I thought I'd mention a difference between the two bugs that are now marked as duplicates: bz 1377483 caused a harder crash (the controllers did not start back up afterwards). And it left core files behind on the file system after the crashes. Whereas this bug (bz 1381745) does a graceful shutdown and recovers, so the controllers are able to keep running. Also, I wanted to give an update on the impact of this bug for Ops. This issue is less severe than it was a few days ago. I was able to get the controller crashes down to about 11-15 times per day by decreasing the amount of AWS API calls made for DeleteVolume. So with fewer API calls, there's less throttling, which means Ops isn't being impacted so badly by this anymore. This is the bug related to the DeleteVolume requests https://bugzilla.redhat.com/show_bug.cgi?id=1377486#c22
Stefanie- Is this still something you're running into?

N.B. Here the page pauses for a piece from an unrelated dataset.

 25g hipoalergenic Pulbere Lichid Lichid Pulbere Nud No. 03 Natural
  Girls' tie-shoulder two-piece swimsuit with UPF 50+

No, we're not hitting the issue anymore because the API DoS problem has been fixed (bz #1367229). Since we're not being throttled, there are no more controller crashes.
Stefanie - does this bug need to remain open if the issue no longer exists?
Stefanie - and if not, can an RFE process be used to handle throttling specific concerns?
Derek, we can close this one. It probably doesn't make sense to add support for DoSing your cloud service provider :)